TechTalks from event: ICML 2011

Feature Selection, Dimensionality Reduction

  • Eigenvalue Sensitive Feature Selection Authors: Yi Jiang; Jiangtao Ren
    In recent years, some spectral feature selection methods are proposed to choose those features with high power of preserving sample similarity. However, when there exist lots of irrelevant or noisy features in data, the similarity matrix constructed from all the un-weighted features may be not reliable, which then misleads existing spectral feature selection methods to select 'wrong' features. To solve this problem, we propose that feature importance should be evaluated according to their impacts on similarity matrix, which means features with high impacts on similarity matrix should be chosen as important ones. Since graph Laplaciancite{luxbury2007} is defined on the similarity matrix, then the impact of each feature on similarity matrix can be reflected on the change of graph Laplacian, especially on its eigen-system. Based on this point of view, we propose an Eigenvalue Sensitive Criteria (EVSC) for feature selection, which aims at seeking those features with high impact on graph Laplacian's eigenvalues. Empirical analysis demonstrates our proposed method outperforms some traditional spectral feature selection methods.

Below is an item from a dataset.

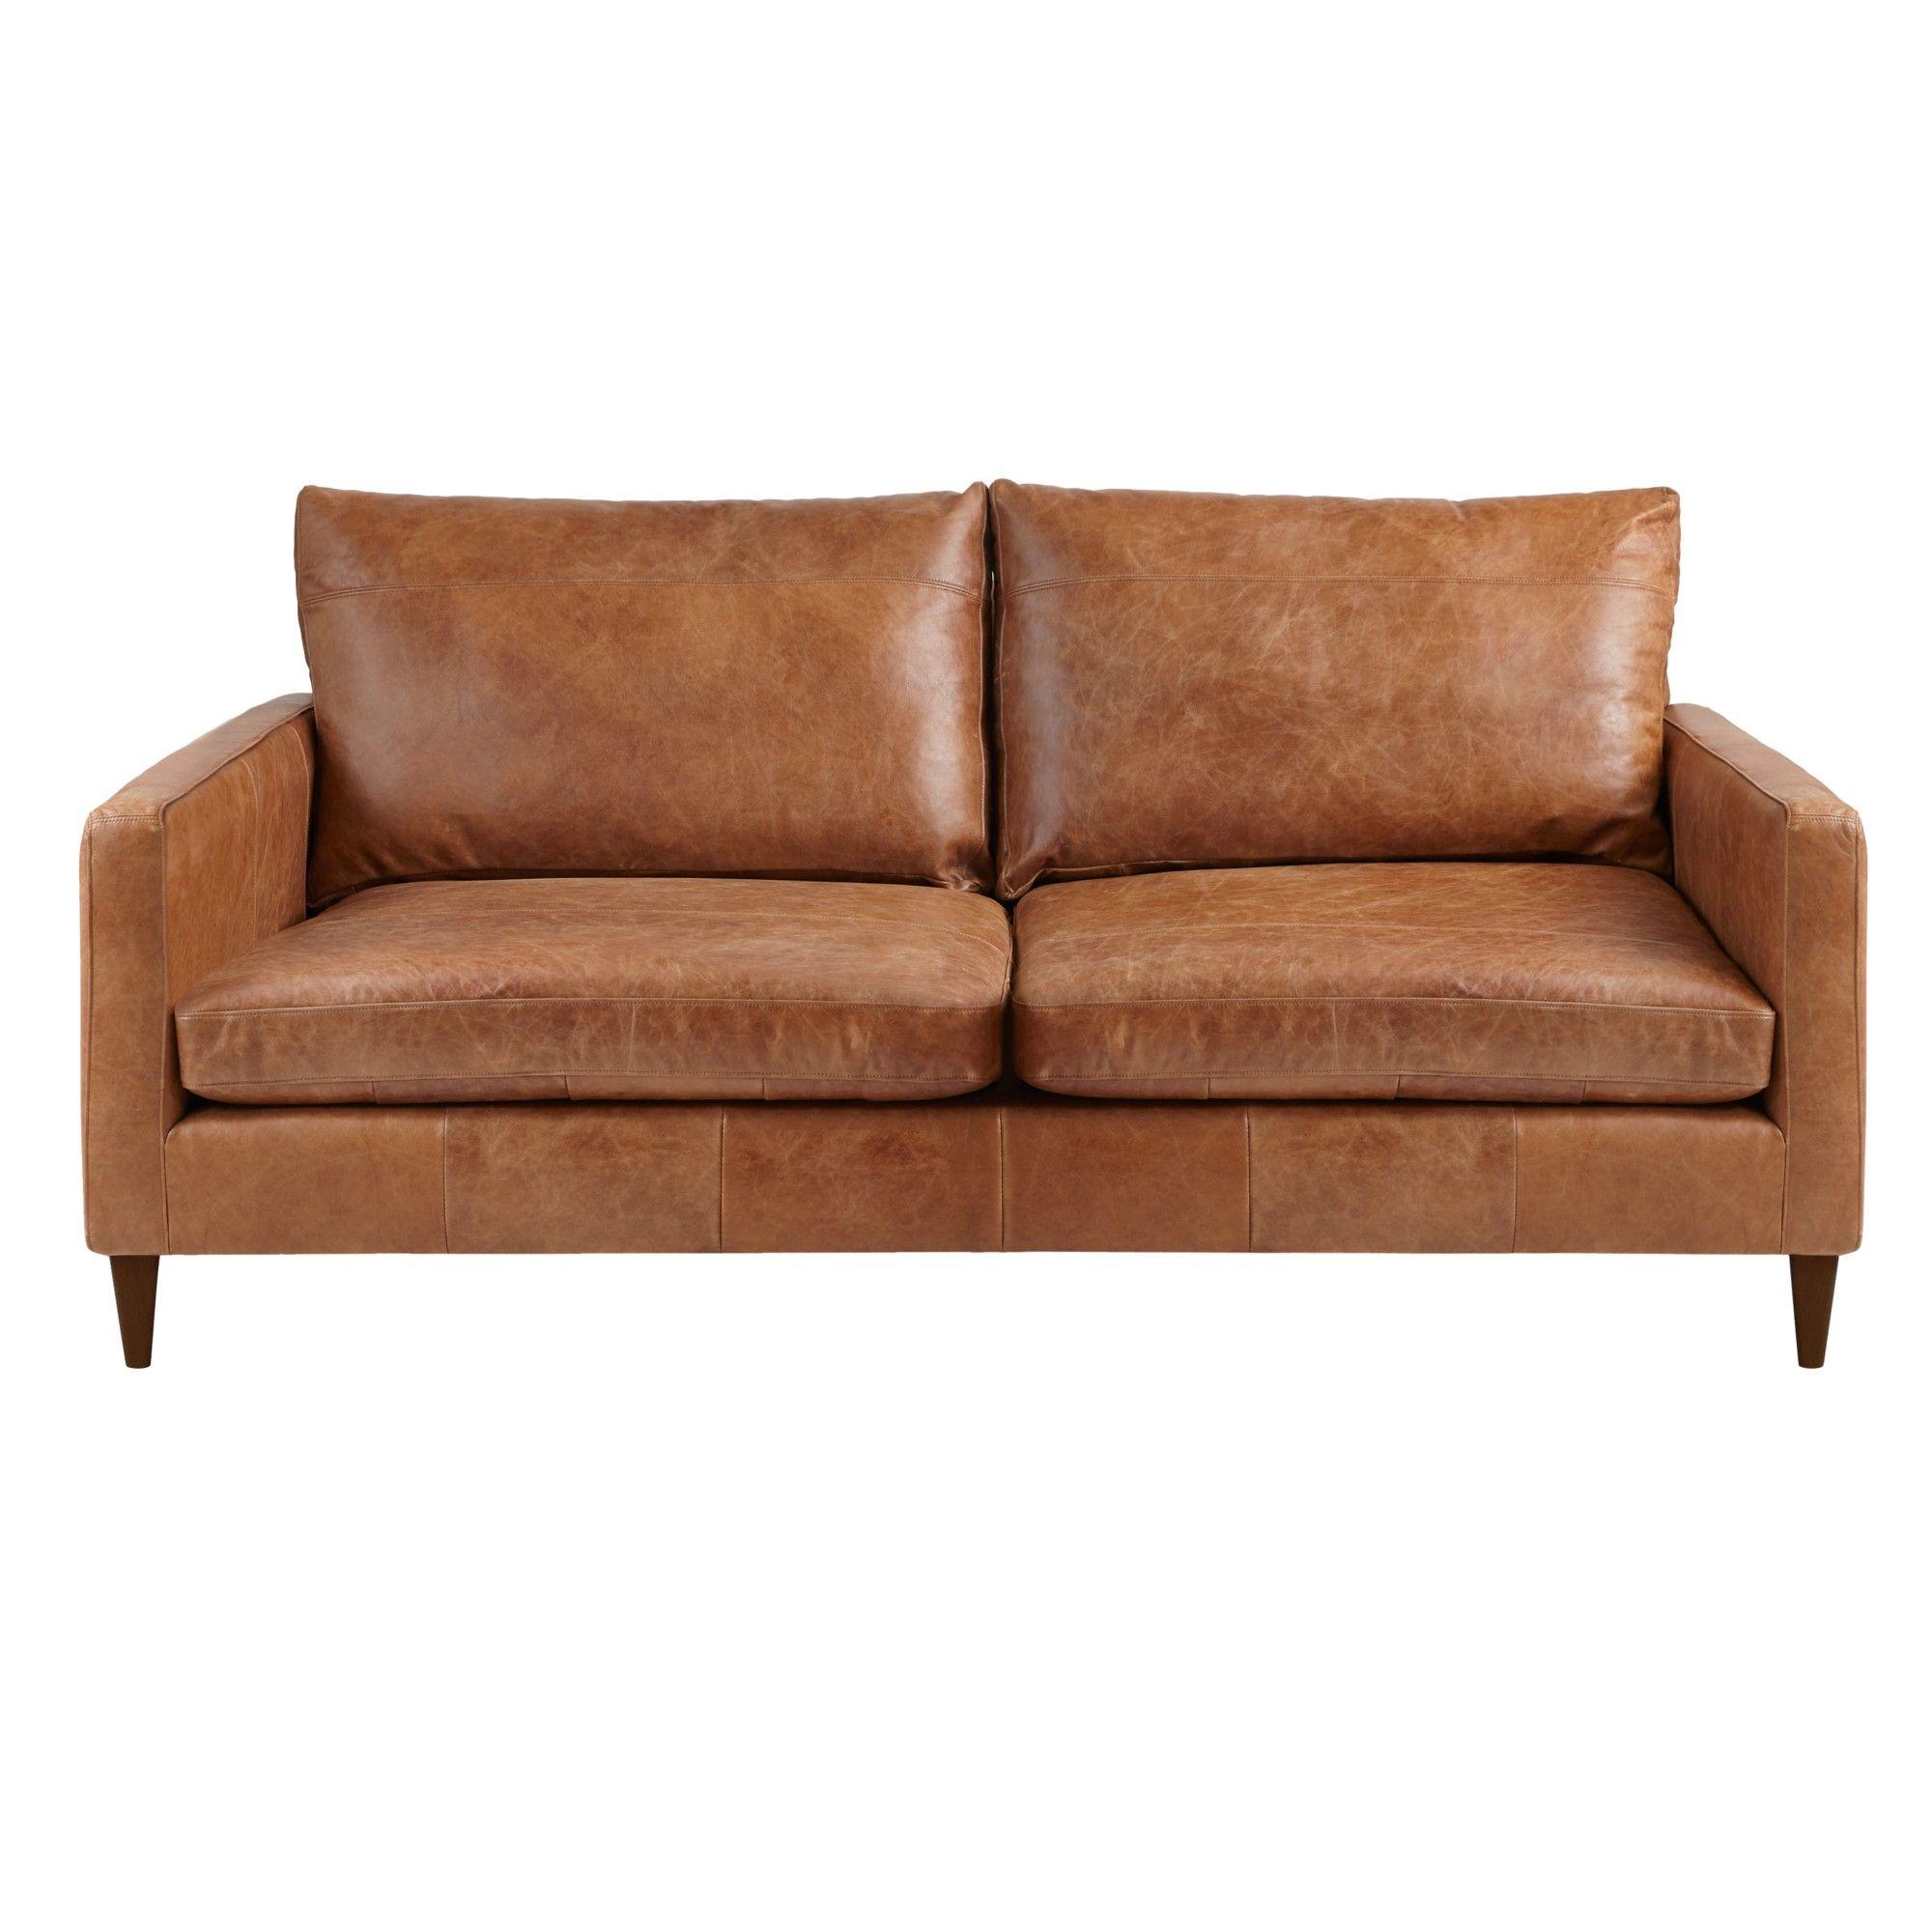 John Lewis Bailey Medium 2 Seater Leather Sofa Er Cuccino

  • Cauchy Graph Embedding Authors: Dijun Luo; Chris Ding; Feiping Nie; Heng Huang
    Laplacian embedding provides a low-dimensional representation for the nodes of a graph where the edge weights denote pairwise similarity among the node objects. It is commonly assumed that the Laplacian embedding results preserve the local topology of the original data on the low-dimensional projected subspaces, i.e., for any pair of graph nodes with large similarity, they should be embedded closely in the embedded space. However, in this paper, we will show that the Laplacian embedding often cannot preserve local topology well as we expected. To enhance the local topology preserving property in graph embedding, we propose a novel Cauchy graph embedding which preserves the similarity relationships of the original data in the embedded space via a new objective. Consequentially the machine learning tasks (such as k Nearest Neighbor type classifications) can be easily conducted on the embedded data with better performance. The experimental results on both synthetic and real world benchmark data sets demonstrate the usefulness of this new type of embedding.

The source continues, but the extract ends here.